Records drawn from a dataset

[Start of section]

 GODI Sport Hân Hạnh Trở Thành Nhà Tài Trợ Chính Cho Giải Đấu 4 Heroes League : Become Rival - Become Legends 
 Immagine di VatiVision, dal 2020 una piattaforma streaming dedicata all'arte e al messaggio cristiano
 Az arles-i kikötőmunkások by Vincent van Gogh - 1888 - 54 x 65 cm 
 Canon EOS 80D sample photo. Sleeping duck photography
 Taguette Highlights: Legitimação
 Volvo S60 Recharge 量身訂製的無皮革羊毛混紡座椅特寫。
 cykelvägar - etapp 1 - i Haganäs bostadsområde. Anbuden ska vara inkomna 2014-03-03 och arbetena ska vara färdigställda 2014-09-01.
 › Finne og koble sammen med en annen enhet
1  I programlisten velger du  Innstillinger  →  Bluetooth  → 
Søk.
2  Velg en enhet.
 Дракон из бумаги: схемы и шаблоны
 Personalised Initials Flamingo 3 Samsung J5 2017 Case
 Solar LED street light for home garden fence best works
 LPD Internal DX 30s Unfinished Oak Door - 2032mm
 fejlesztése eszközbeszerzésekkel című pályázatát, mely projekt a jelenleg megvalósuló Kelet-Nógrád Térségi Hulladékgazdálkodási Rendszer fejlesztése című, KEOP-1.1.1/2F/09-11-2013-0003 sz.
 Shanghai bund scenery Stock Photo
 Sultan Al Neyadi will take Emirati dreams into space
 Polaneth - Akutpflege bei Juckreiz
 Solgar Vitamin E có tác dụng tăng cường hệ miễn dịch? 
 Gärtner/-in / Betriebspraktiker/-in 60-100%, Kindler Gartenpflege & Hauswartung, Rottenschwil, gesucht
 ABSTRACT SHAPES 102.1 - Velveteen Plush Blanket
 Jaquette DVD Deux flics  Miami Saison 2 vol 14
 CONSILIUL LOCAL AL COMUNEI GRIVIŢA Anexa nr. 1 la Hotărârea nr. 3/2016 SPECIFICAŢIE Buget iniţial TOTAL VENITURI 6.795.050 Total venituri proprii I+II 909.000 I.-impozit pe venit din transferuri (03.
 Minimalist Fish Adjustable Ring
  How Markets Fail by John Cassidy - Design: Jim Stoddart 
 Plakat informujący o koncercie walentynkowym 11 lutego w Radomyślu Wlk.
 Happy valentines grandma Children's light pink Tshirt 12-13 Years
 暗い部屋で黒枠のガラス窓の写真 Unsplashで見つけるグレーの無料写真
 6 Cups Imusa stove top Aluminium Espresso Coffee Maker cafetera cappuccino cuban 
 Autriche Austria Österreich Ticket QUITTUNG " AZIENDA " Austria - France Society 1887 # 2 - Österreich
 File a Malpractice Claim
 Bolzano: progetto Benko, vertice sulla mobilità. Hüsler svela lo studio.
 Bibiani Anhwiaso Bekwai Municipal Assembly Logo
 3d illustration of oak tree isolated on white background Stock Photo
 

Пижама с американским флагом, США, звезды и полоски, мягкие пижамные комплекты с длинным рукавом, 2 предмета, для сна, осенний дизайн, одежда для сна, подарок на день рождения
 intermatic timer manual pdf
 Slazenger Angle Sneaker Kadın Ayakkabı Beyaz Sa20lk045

[End of section]

[Required work] Output the records verbatim, from the first line to the last.

[Output of the task]
 GODI Sport Hân Hạnh Trở Thành Nhà Tài Trợ Chính Cho Giải Đấu 4 Heroes League : Become Rival - Become Legends 
 Immagine di VatiVision, dal 2020 una piattaforma streaming dedicata all'arte e al messaggio cristiano
 Az arles-i kikötőmunkások by Vincent van Gogh - 1888 - 54 x 65 cm 
 Canon EOS 80D sample photo. Sleeping duck photography
 Taguette Highlights: Legitimação
 Volvo S60 Recharge 量身訂製的無皮革羊毛混紡座椅特寫。
 cykelvägar - etapp 1 - i Haganäs bostadsområde. Anbuden ska vara inkomna 2014-03-03 och arbetena ska vara färdigställda 2014-09-01.
 › Finne og koble sammen med en annen enhet
1  I programlisten velger du  Innstillinger  →  Bluetooth  → 
Søk.
2  Velg en enhet.
 Дракон из бумаги: схемы и шаблоны
 Personalised Initials Flamingo 3 Samsung J5 2017 Case
 Solar LED street light for home garden fence best works
 LPD Internal DX 30s Unfinished Oak Door - 2032mm
 fejlesztése eszközbeszerzésekkel című pályázatát, mely projekt a jelenleg megvalósuló Kelet-Nógrád Térségi Hulladékgazdálkodási Rendszer fejlesztése című, KEOP-1.1.1/2F/09-11-2013-0003 sz.
 Shanghai bund scenery Stock Photo
 Sultan Al Neyadi will take Emirati dreams into space
 Polaneth - Akutpflege bei Juckreiz
 Solgar Vitamin E có tác dụng tăng cường hệ miễn dịch? 
 Gärtner/-in / Betriebspraktiker/-in 60-100%, Kindler Gartenpflege & Hauswartung, Rottenschwil, gesucht
 ABSTRACT SHAPES 102.1 - Velveteen Plush Blanket
 Jaquette DVD Deux flics  Miami Saison 2 vol 14
 CONSILIUL LOCAL AL COMUNEI GRIVIŢA Anexa nr. 1 la Hotărârea nr. 3/2016 SPECIFICAŢIE Buget iniţial TOTAL VENITURI 6.795.050 Total venituri proprii I+II 909.000 I.-impozit pe venit din transferuri (03.
 Minimalist Fish Adjustable Ring
  How Markets Fail by John Cassidy - Design: Jim Stoddart 
 Plakat informujący o koncercie walentynkowym 11 lutego w Radomyślu Wlk.
 Happy valentines grandma Children's light pink Tshirt 12-13 Years
 暗い部屋で黒枠のガラス窓の写真 Unsplashで見つけるグレーの無料写真
 6 Cups Imusa stove top Aluminium Espresso Coffee Maker cafetera cappuccino cuban 
 Autriche Austria Österreich Ticket QUITTUNG " AZIENDA " Austria - France Society 1887 # 2 - Österreich
 File a Malpractice Claim
 Bolzano: progetto Benko, vertice sulla mobilità. Hüsler svela lo studio.
 Bibiani Anhwiaso Bekwai Municipal Assembly Logo
 3d illustration of oak tree isolated on white background Stock Photo
 

Пижама с американским флагом, США, звезды и полоски, мягкие пижамные комплекты с длинным рукавом, 2 предмета, для сна, осенний дизайн, одежда для сна, подарок на день рождения
 intermatic timer manual pdf
 Slazenger Angle Sneaker Kadın Ayakkabı Beyaz Sa20lk045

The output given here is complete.